Короткий взмах пером, указавший на занавеси в простенках — и император едва заметно кивнул и поднялся. Нельзя быть уверенным в безопасности покоев, но никто не подслушает в подземелье, где хранился длинный ящик.
Они спустились из кабинета вниз, где изящество арочных сводов уступало место тяжести бывших крепостных стен. Перед очередным поворотом император отпустил свиту и отпер неприметную дверь, обитую железом.
Свет фонаря осветил небольшую комнату, стол посередине и непринуждённо устроившийся на его краю человеческий скелет.
— За одно это следует казнить, — проговорил император, рассматривая его с нескрываемым отвращением. — Так издеваться над человеческим телом, лишить человека достойных похорон…
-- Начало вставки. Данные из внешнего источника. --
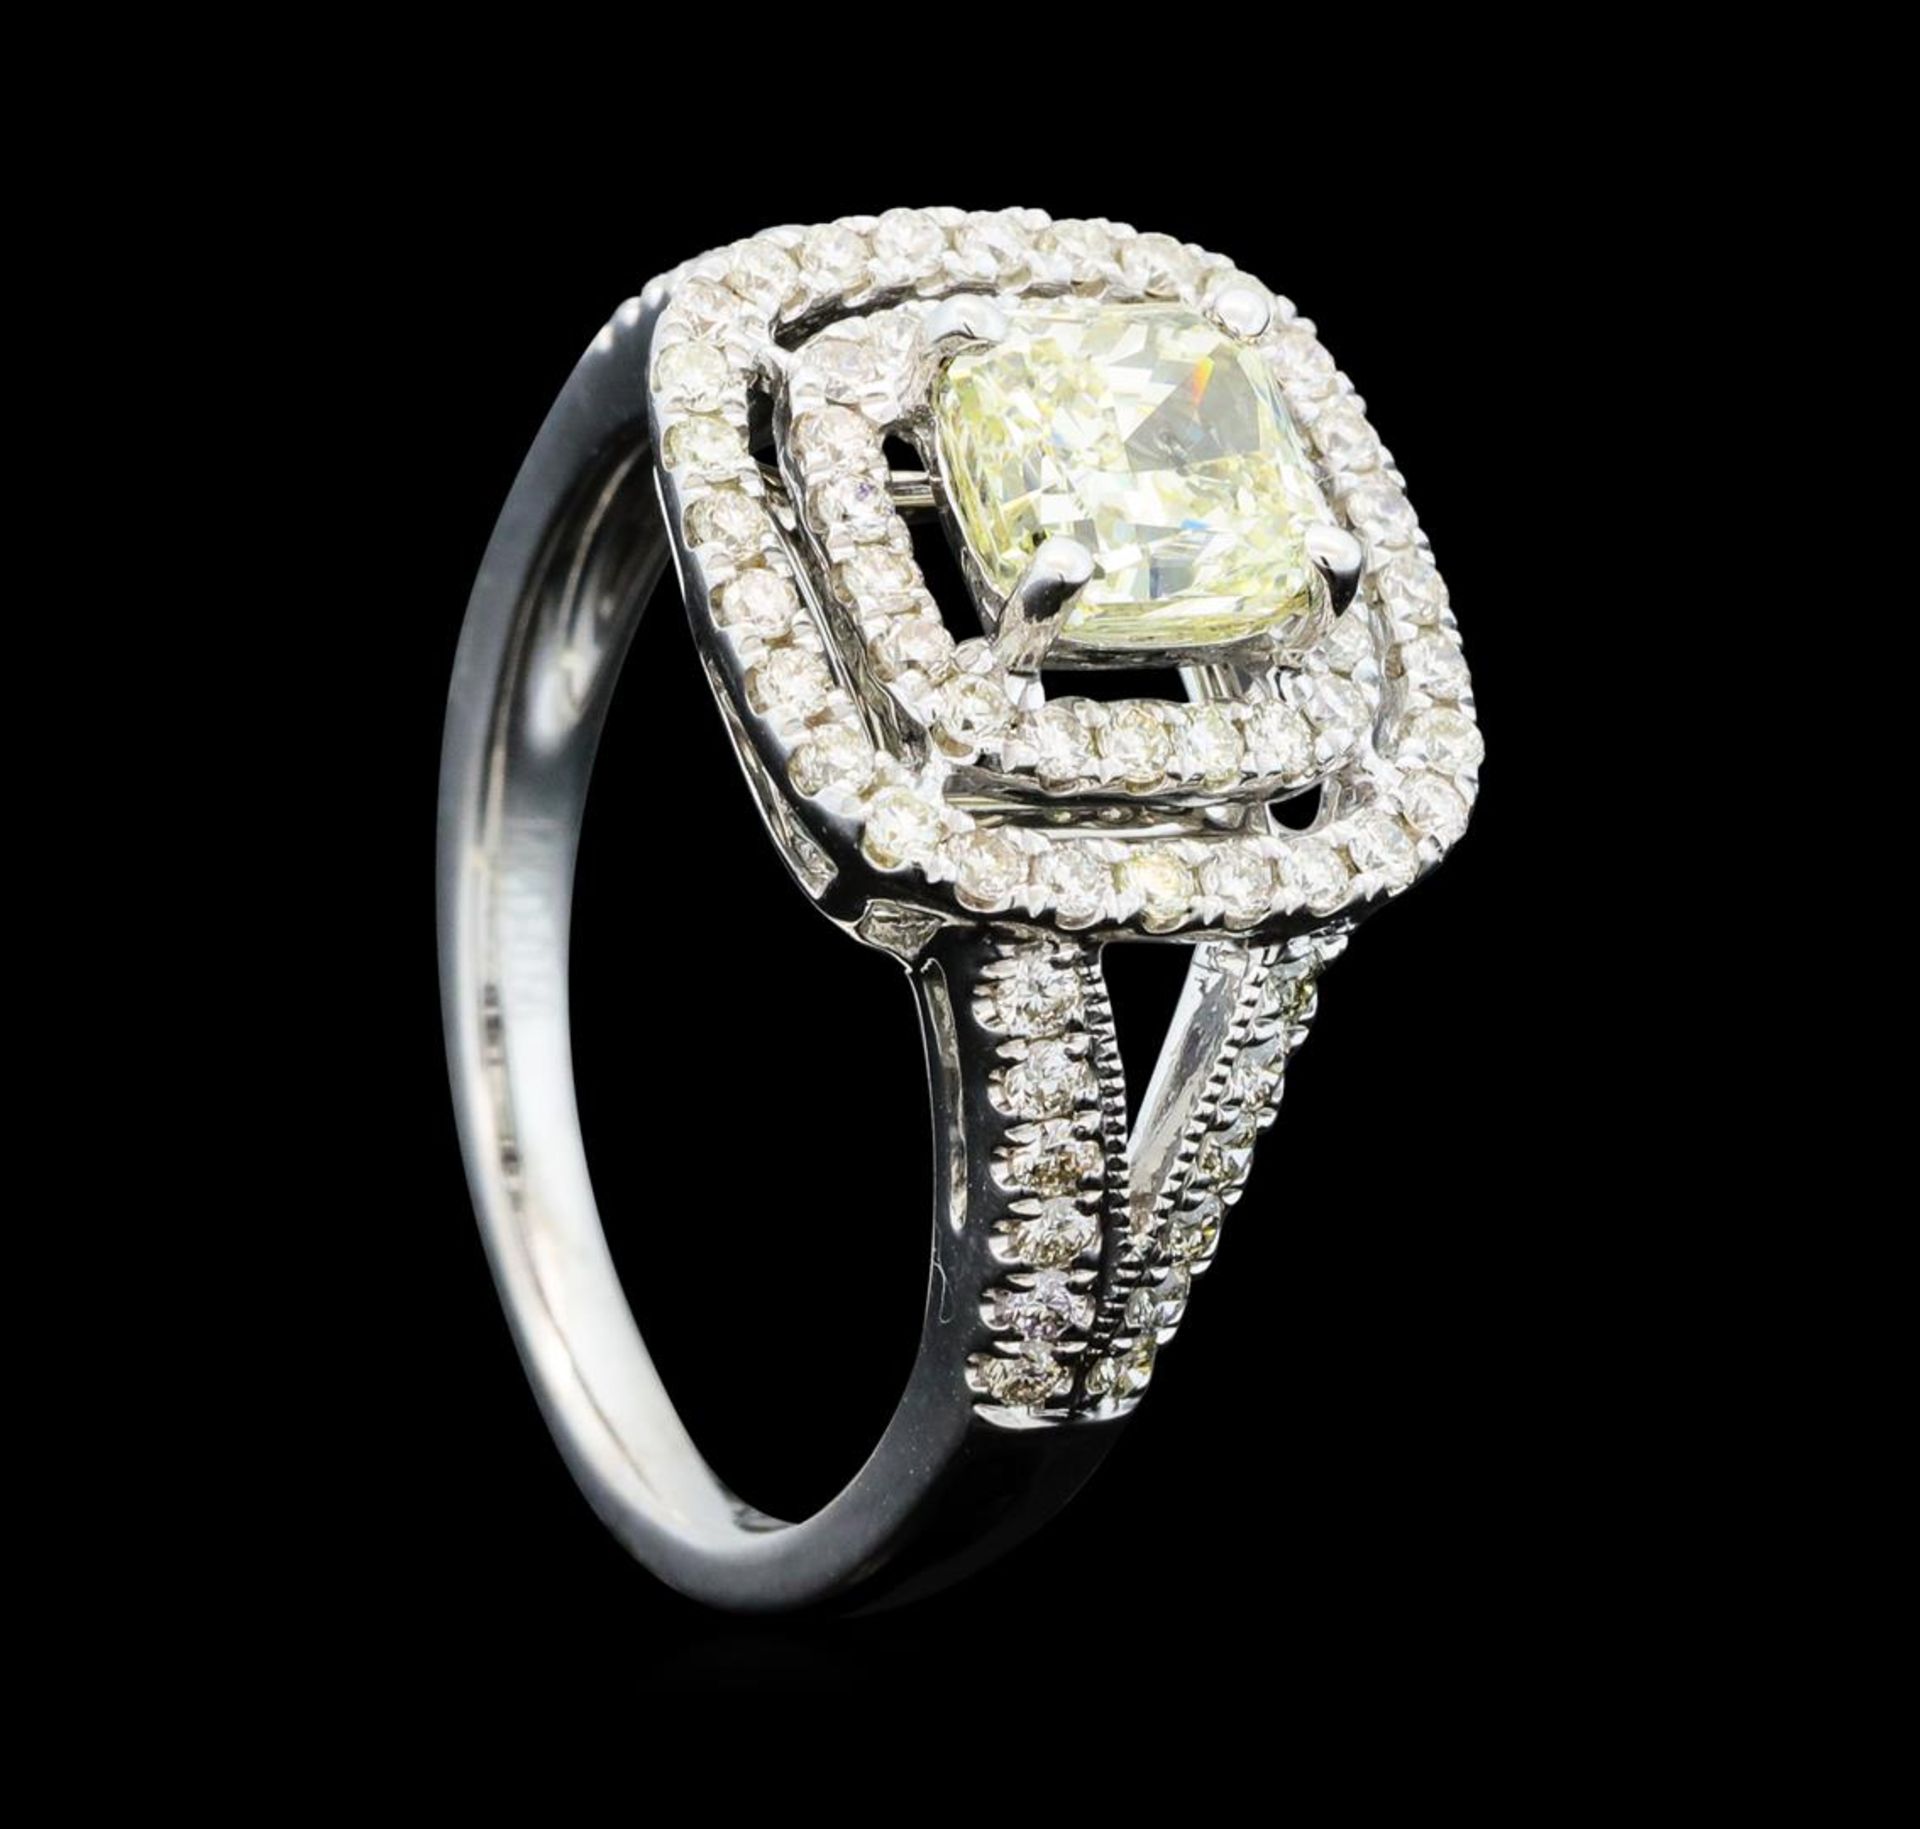 1.59 ctw Diamond Ring - 14KT White Gold - Image 4 of 5
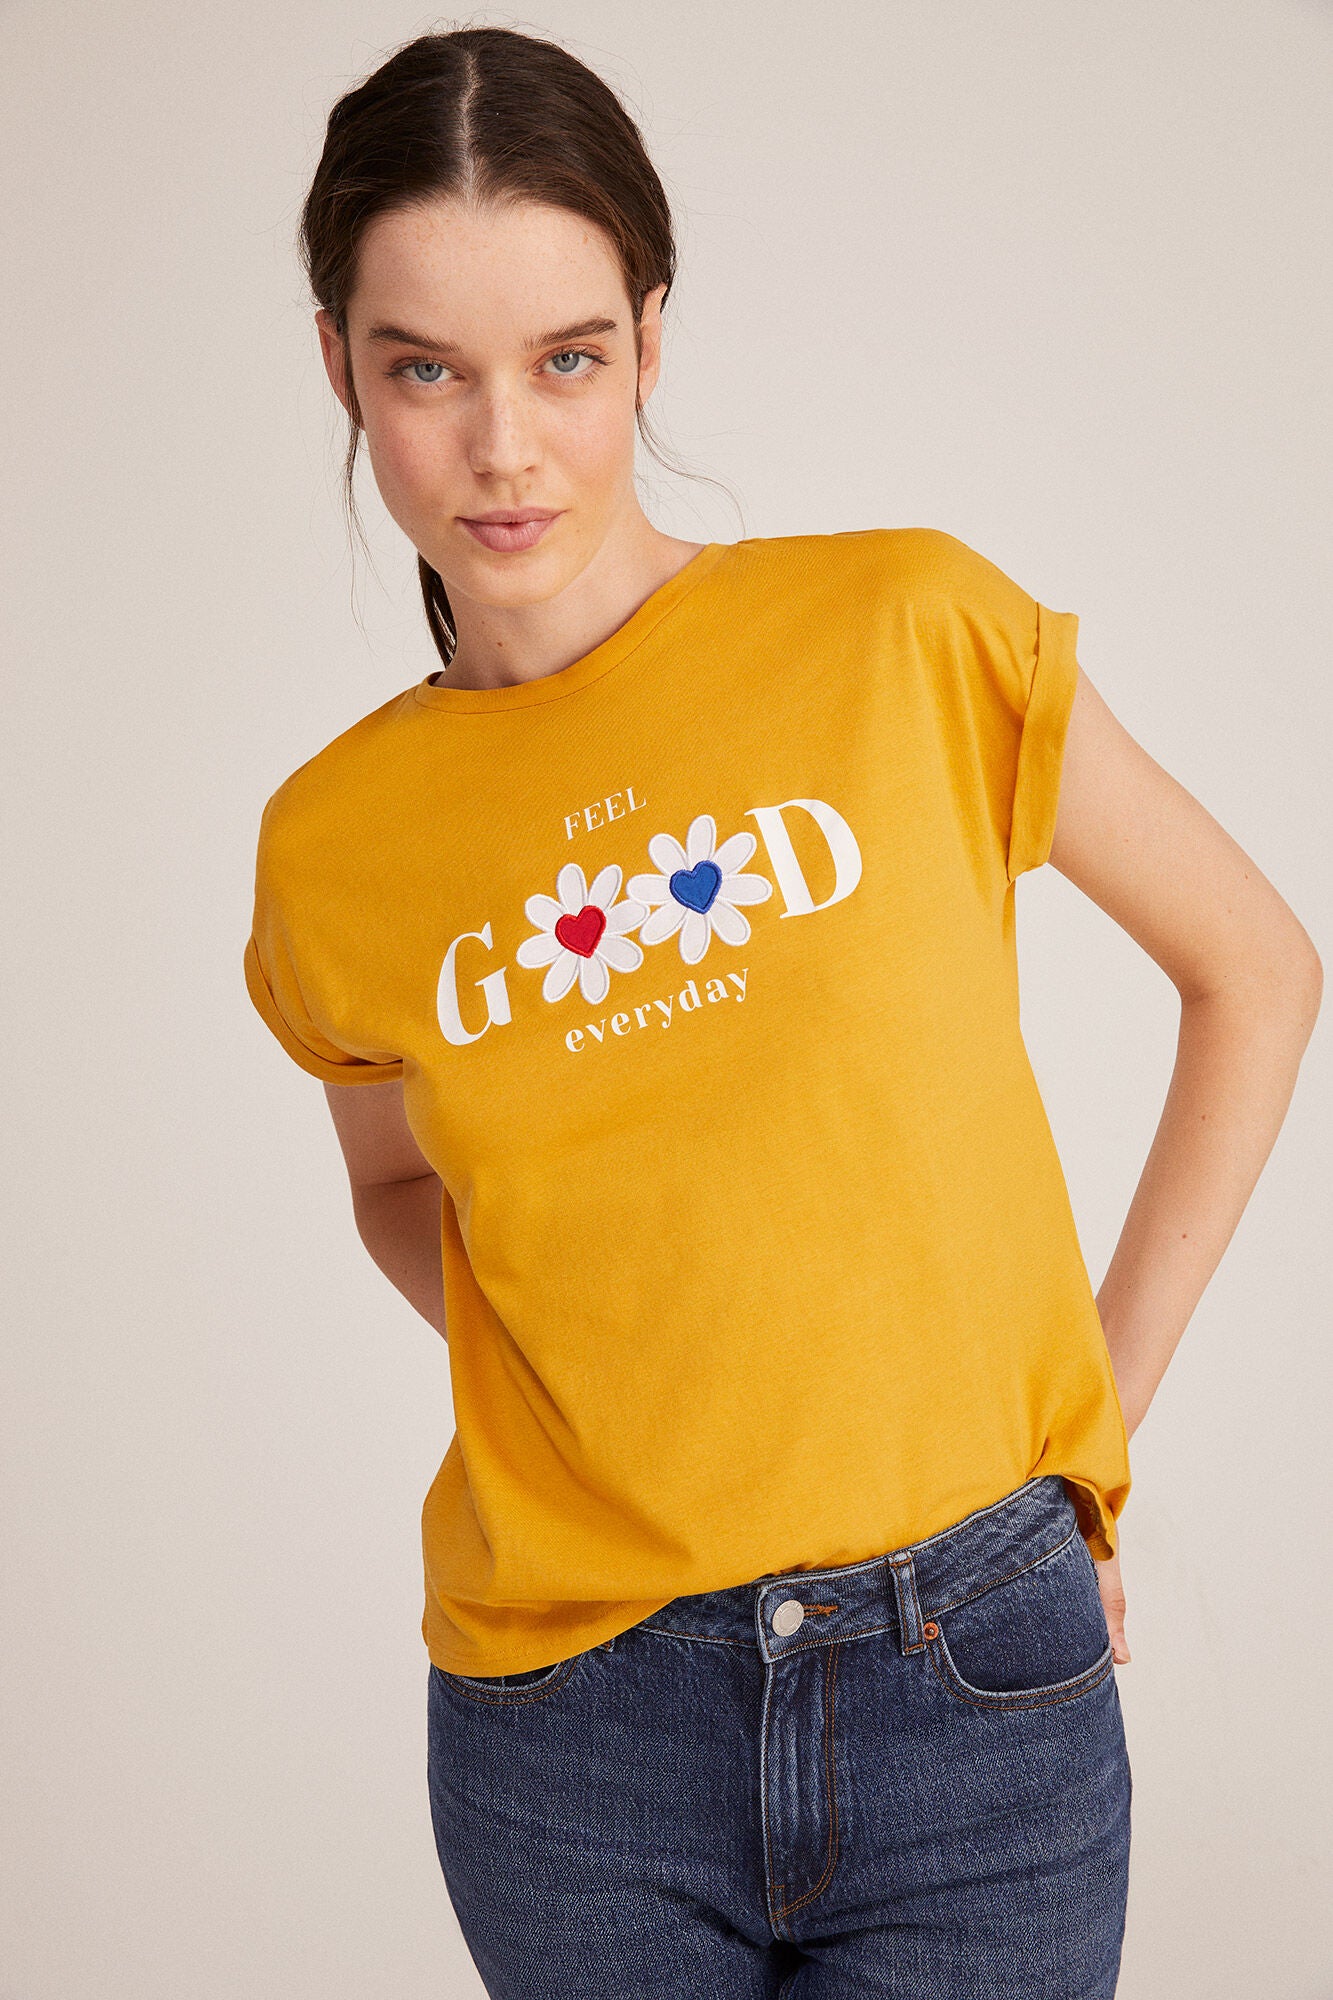 "Feel good everyday" T-shirt
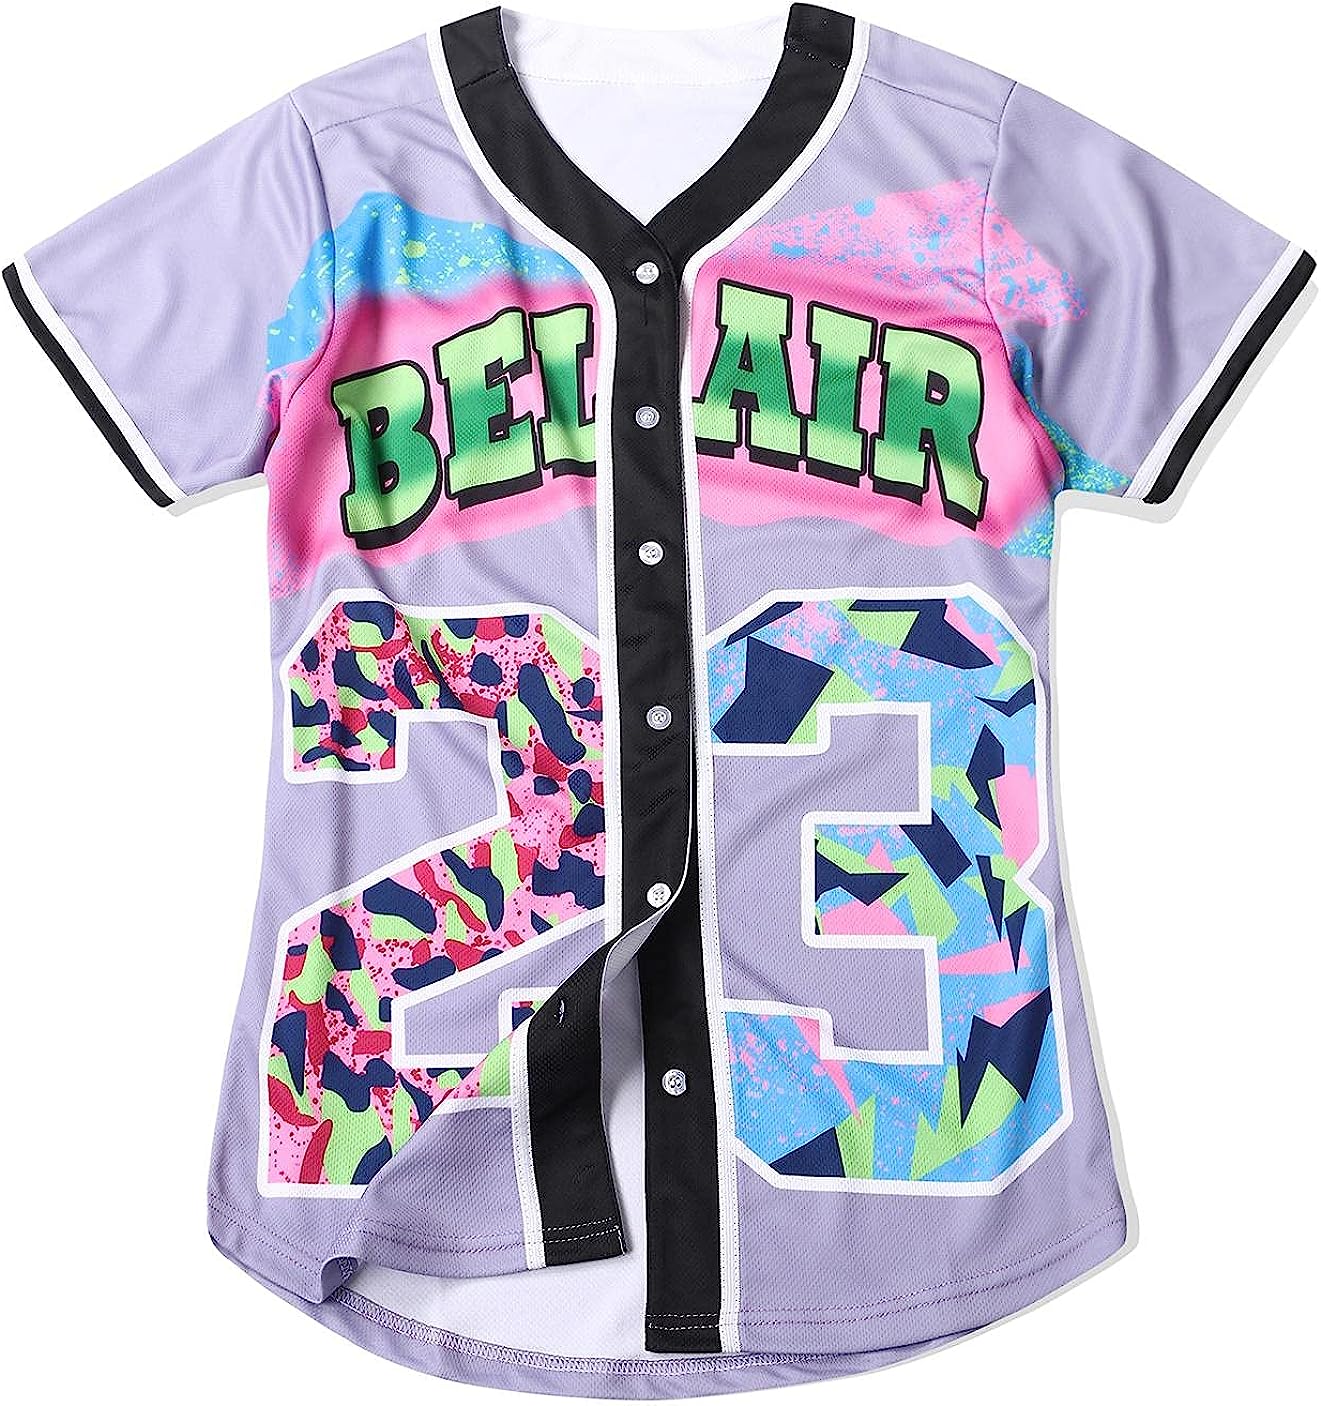 CUTHBERT 90s Outfit for Women,Bel Air Baseball Jersey Shirt for Theme  Party,Shor

На первый взгляд скелет казался оправленным в медь и латунь, но, присмотревшись, можно было разглядеть шестерни и пружины, заменившие суставы, а также спицы и тросы, протянутые вдоль костей. В углу лежал деревянный ящик. Из-под сдвинутой крышки виднелись стружка и солома, которыми он был заполнен.
— Тело принадлежало замковому егерю и было передано в полное распоряжение Олларда добровольно, о чём имеется предсмертная записка, — напомнил канцлер. — Впечатление, конечно, производит своеобразное. Но взгляните, какая тонкая работа! И какая дерзкая, смелая задумка!
Он повернул один из небольших ключей, спрятанных вдоль позвоночника, и скелет пришёл в движение. Валы и шестерни завертелись, тросы натянулись. Костяная рука поднялась, сложила пальцы в щепоть и принялась совершать плавные движения.
— Если дать ему перо, он напишет «Слава Империи!» — сказал канцлер. — Бьюсь об заклад, при жизни у этого парня был совсем не такой хороший почерк.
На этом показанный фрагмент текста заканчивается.